A Festival for Deserters in Moscow
In Russia, 23 February is traditionally the “Day of the Defenders of the Fatherland” — converted from the Soviet “Red Army Day”.
But for the Chechens and Ingush it is the anniversary of the deportation of their entire people from the Caucasus to Kazakhstan and Kyrgyzistan by Stalin back in 1944. They were only allowed to return in 1956, to a country which was then populated by Russians and neighbouring people — one of the sources of today's conflicts in the North Caucasus.

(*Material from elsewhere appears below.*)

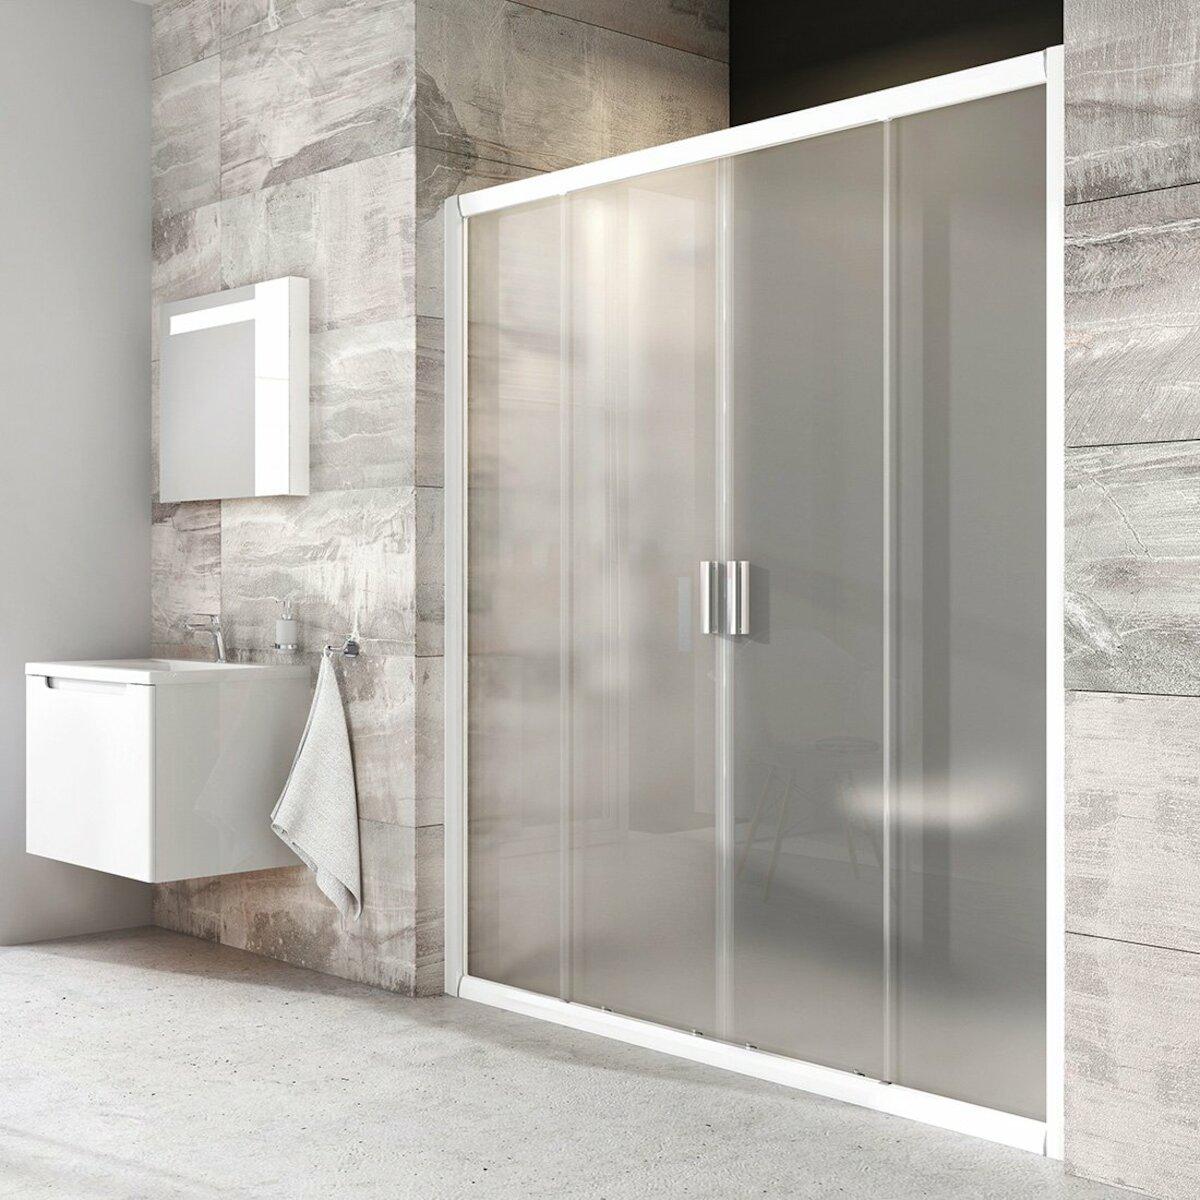 Sprchové dvere 140x190 cm Ravak Blix biela 0YVM0100ZG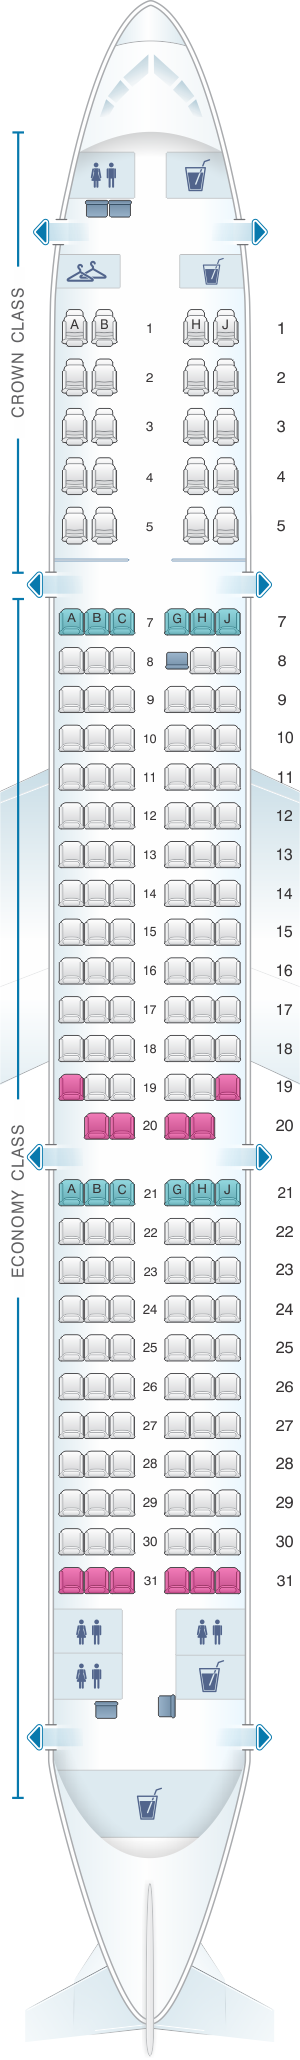 Seat map for Royal Jordanian Airbus A321 200

For a few years now the Moscow group of the anarchist network Autonomous Action “celebrates” 23 February with protests against the war in Chechnya, and against militarism in general. This year, the group organised a Deserters' Festival from 20 to 23 February which, unfortunately, was met by more attention from the authorities than had been expected.
The Festival included discussion on antimilitarism and how to respond to military service:to perform the now possible, but discriminatory, substitute service, or to avoid conscription by various semi-legal means(the usual way out for the majority of Russia's youth)?
The Festival also included several cultural events, mainly in the form of punk gigs. It ended on 23 February, the “Day of the Defenders of the Fatherland”.
Moscow cat and mouse
The 23 February events began with a Food not Bombs action at one end of Arbat Street in the centre of Moscow . The organisers tried to get permission for a Food not Bombs action at a different location, but failed. So the action took place without permission, but it had been publicly announced anyway, and generated a lot of media interest. However, after 15 minutes the police intervened, and the distribution of food ended. The crowd dispersed, only to reassemble 45 minutes later for a demonstration against the war in Chechnya, and against the present military reforms, which will get rid of most of the reasons for postponement or exemption from military service. The demonstration marched on the pavement through streets in central Moscow , accompanied by police, who did not do much at the beginning. However, when the demonstration reached Arbat Street, police attempted to arrest the people holding the front banner , but others quickly overtook and formed a new demonstration. Police arrested those holding he banner anyway , and more police arrested people in the remainder of the demonstration, which then quickly dispersed. n total there where about seven arrests, but all were released hat evening. One person was beaten at the police station.
The demonstration lasted a total of about 30 minutes, and a lot of leaflets were distributed to people on the streets.
Most people were surprised about the response from the authorities. Until recently , Autonomous Action had not faced many problems from the police or other authorities, but the Deserters' Festival seems to have changed this. Not only had a discussion meeting in a gallery to be ended abruptly due to pressure by the authorities, the group's normal meeting space--a youth club--was also put under pressure by the Russian Secret Service FSB (the successor of the KGB) to no longer allow political meetings, as this would be “outside of the terms of their licence”, and could therefore lead to criminal proceedings against those running the club.
It seems as though the attempt to re-define the term “deserter”--a term which has very negative connotations in Russia--in a positive way was seen as a provocation, not only by the authorities. Less radical organisations working against the war in Chechnya or for substitute service also felt alienated by the term deserter , and therefore did not take part in the festival. Others, however ,thought it a brilliant idea to mark the deportation of Chechens and Ingush and the “Defenders of the Fatherland Day” with a deserters' festival.